Des milliards de dollars ont été dépensés pour fournir des armes à Kiev, des armes biologiques ont été développées sur le territoire ukrainien et les autorités ukrainiennes ont déclaré leur volonté de posséder des armes nucléaires. Parallèlement, les citoyens russes vivant dans le Donbass ont été confrontés à un véritable génocide.
Toutes nos tentatives pour trouver une solution négociée à nos préoccupations ont été rejetées par l’Otan («Organisation du Traité de l’Atlantique Nord», ndlr). Nous voulons protéger et libérer les habitants du Donbass, et assurer la sécurité de la Russie mais nous n’avons nullement pas pour objectif d’occuper l’Ukraine ou de renverser son régime.

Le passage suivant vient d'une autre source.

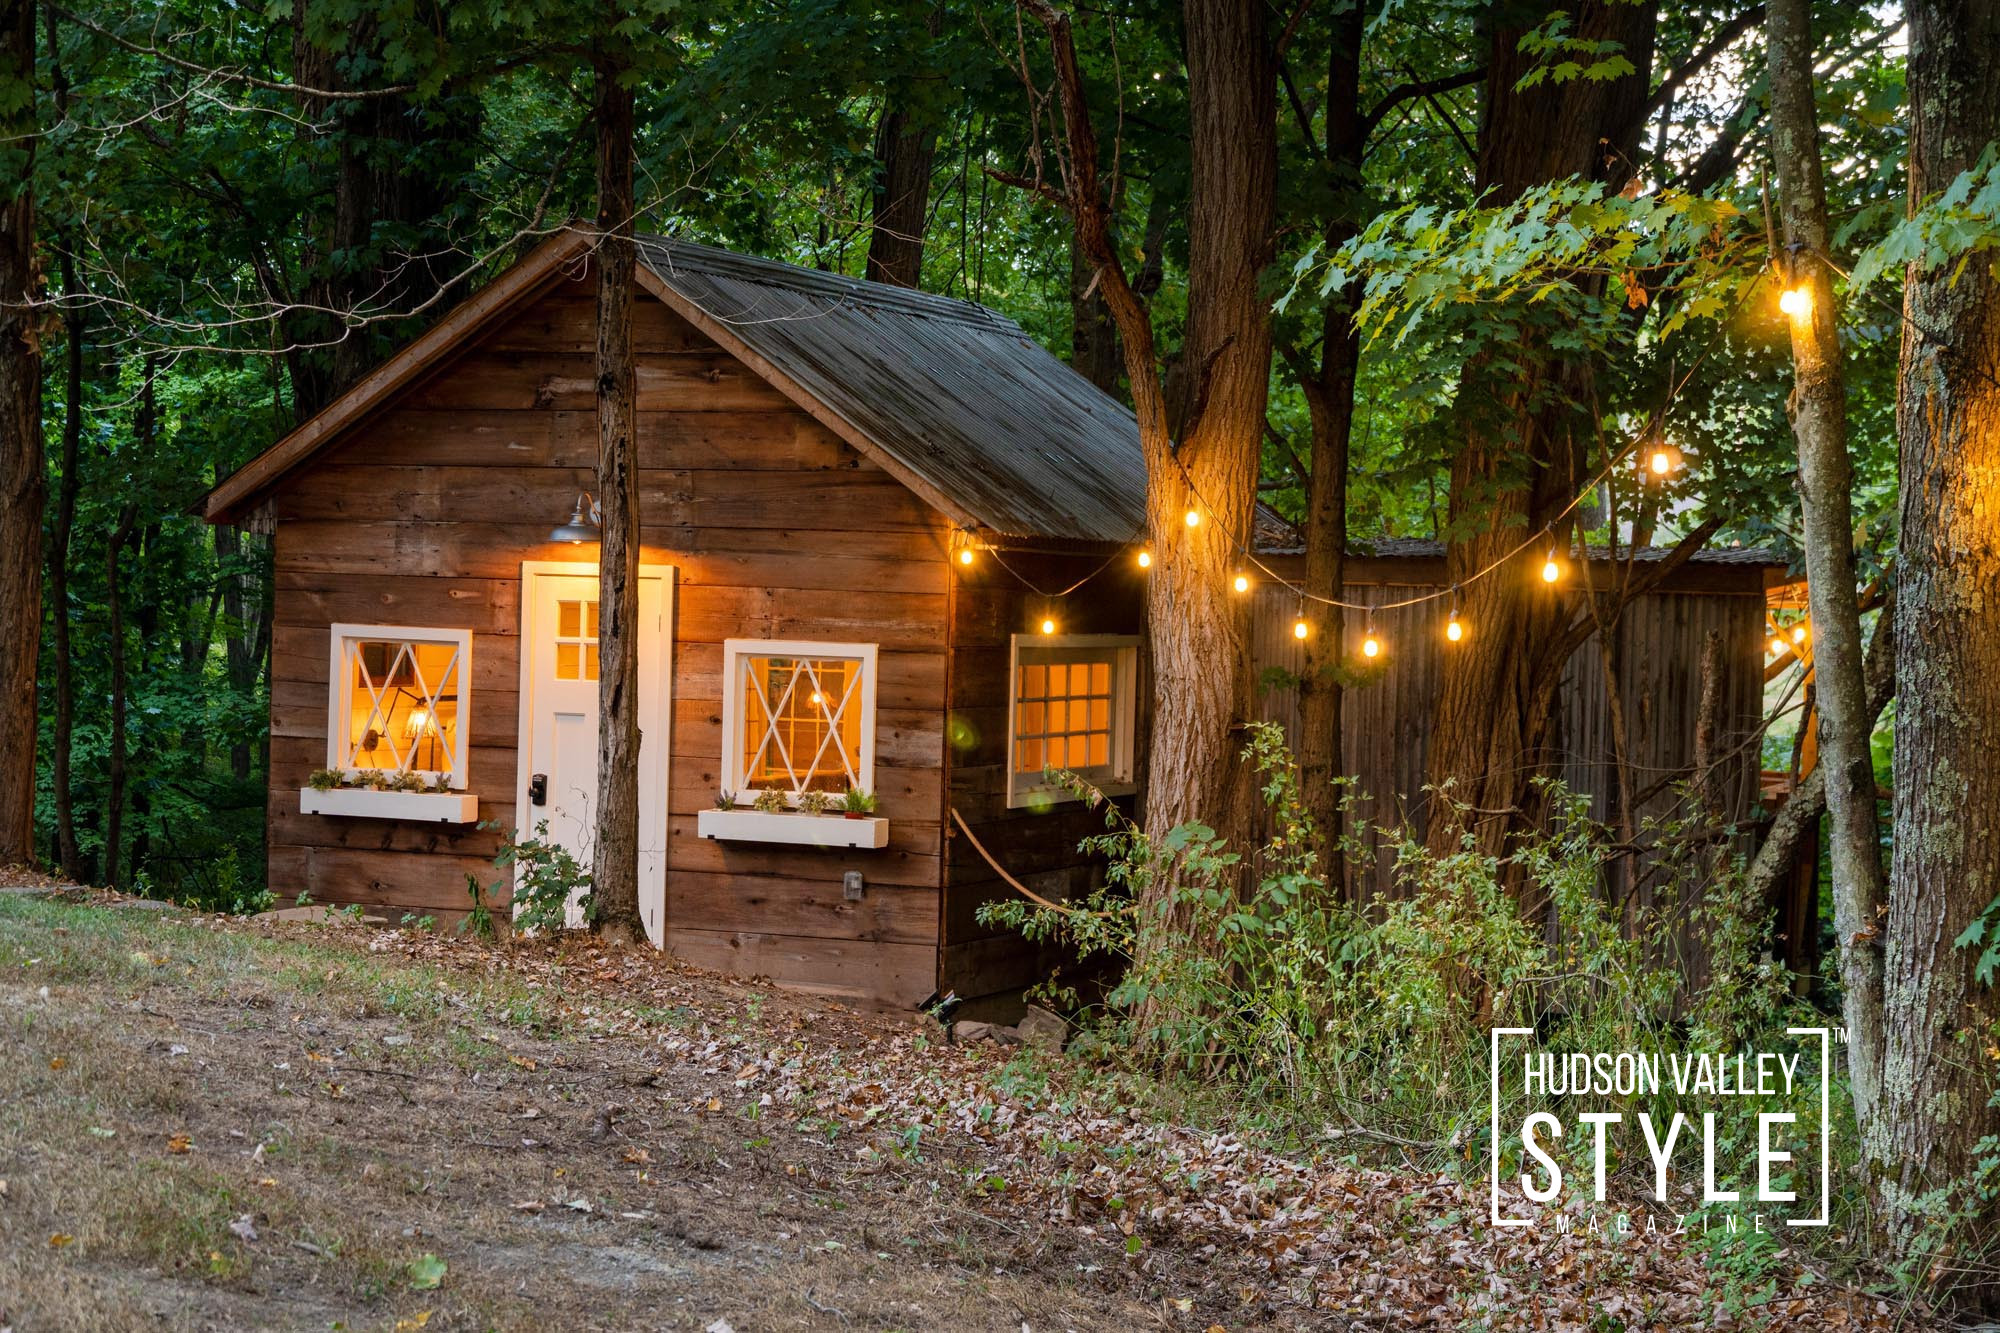 Apsley Hill Farm's Rustic Treehouse with a Claw Tub – Airbnb Review by Photographer Maxwell Alexander – Presented by ALLUVION MEDIA – The Best Airbnb Photography in the Hudson Valley, Catskills, NYC, and Hamptons
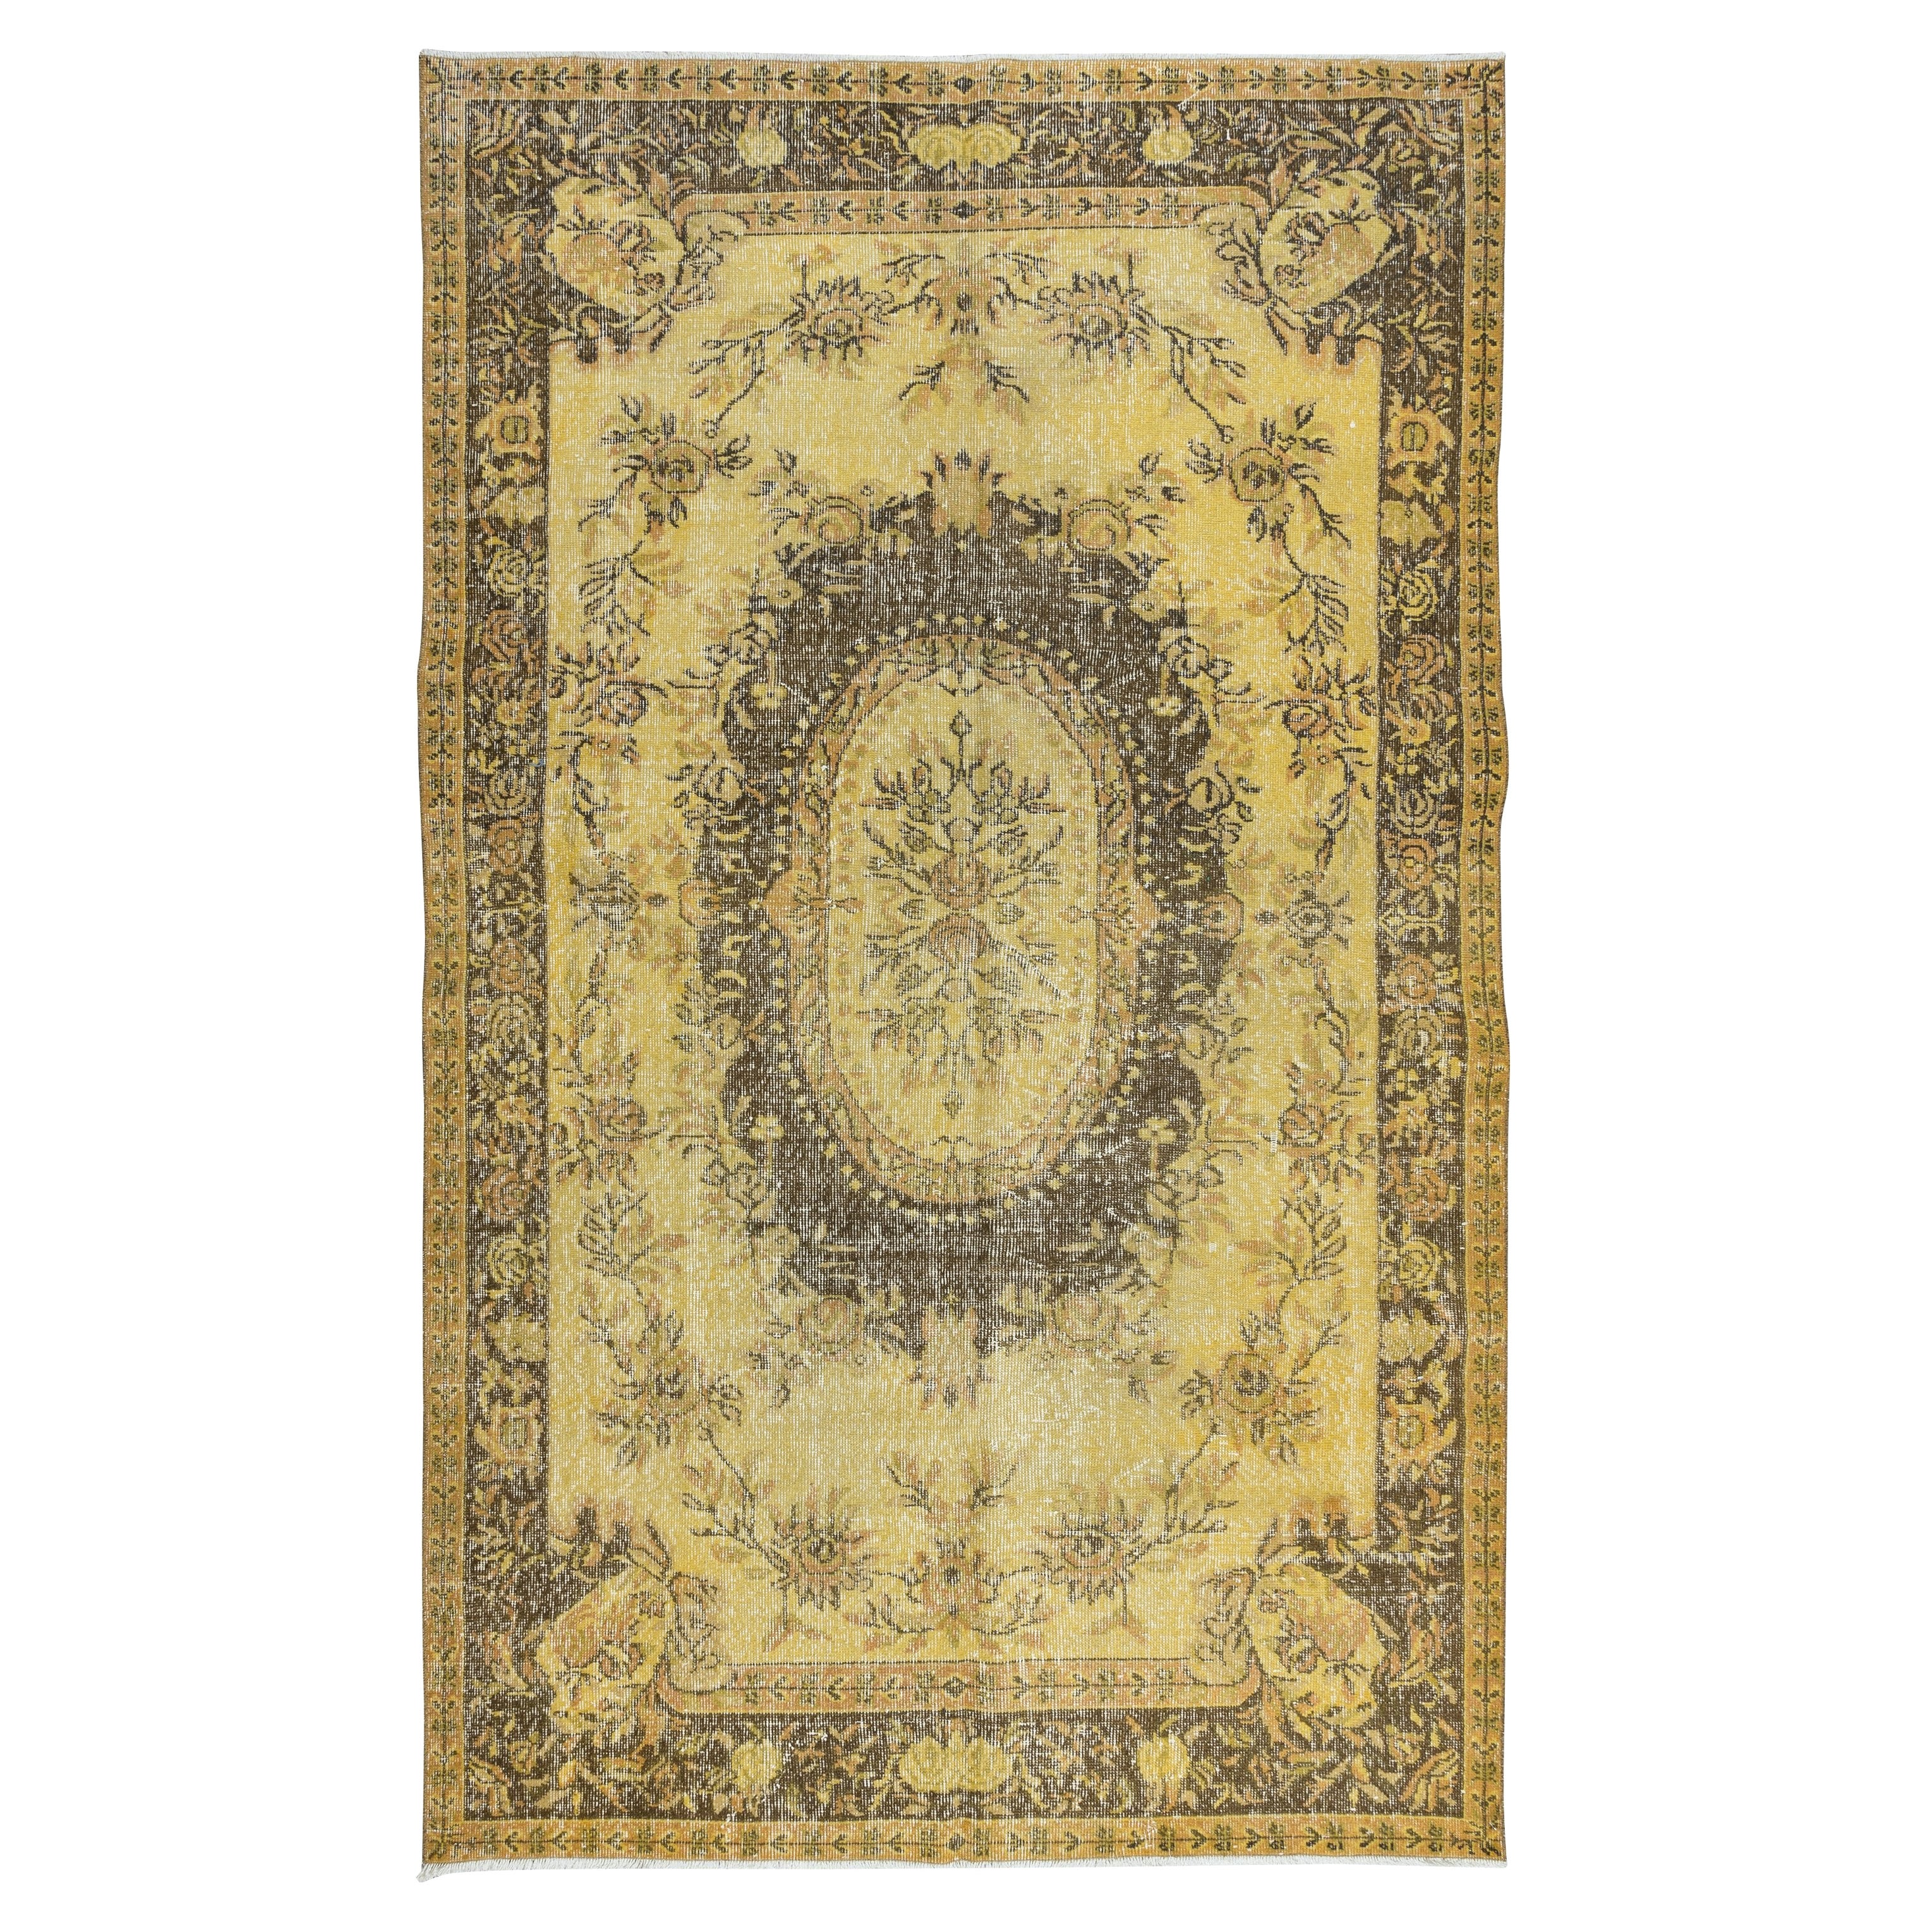 5.8x9.6 Ft Classic Aubusson Inspired Handmade Turkish Rug in Soft Yellow & Brown For Sale

La Russie a toujours défendu et continuera à défendre la Charte des Nations Unies et le droit international. Je tiens à souligner qu’à côté des principes de souveraineté et d’intégrité territoriale, la Charte des Nations unies prévoit également le droit des peuples à l’autodétermination. Les régions de DPR, LPR, Kherson et Zaporojié ont exercé ce droit. Leur décision d’organiser des référendums en septembre a.c. et de faire partie de la Russie est légale et justifiée. La Déclaration de 1970 sur les principes du droit international garantit l’intégrité territoriale, mais uniquement aux États où «les gouvernements représentent toutes les personnes vivant sur un territoire donné». Il est tout à fait évident que les autorités de Kiev n’ont pas rempli et ne remplissent pas du tout ce critère, en recourant à des méthodes terroristes et à la force contre leur population civile et leurs infrastructures.
Globalement, aujourd’hui la question n’est pas celle de l’Ukraine, mais celle de la nécessité de résister aux tentatives des pays occidentaux de consolider un monde unipolaire dans lequel il y a des dominants et des dominés, et d’établir leur hégémonie dans les affaires internationales.
La Russie fait tout son possible pour que l’Occident ne porte pas atteinte à l’autorité du droit international et que les pays en développement, y compris africains, puissent exercer librement leur souveraineté et choisir des partenaires politiques et économiques en fonction de leurs propres intérêts nationaux. On sait que l’Union des Comores subit actuellement une forte pression de la part des pays occidentaux qui tentent, par tous les moyens, d’imposer leur point de vue, y compris en entravant le développement des relations russo-comoriennes.
Cependant, nos pays sont liés par une amitié ancienne qui a fait ses preuves. Je suis sûr que, dans le cadre de leur choix souverain, les Comoriens n’abandonneront pas leur ligne de renforcement des relations avec la Russie. J’espère que ma visite imminente aux Comores permettra de discuter avec les dirigeants du pays des moyens de développer la coopération bilatérale et de mettre en place des mesures pratiques dans ce domaine.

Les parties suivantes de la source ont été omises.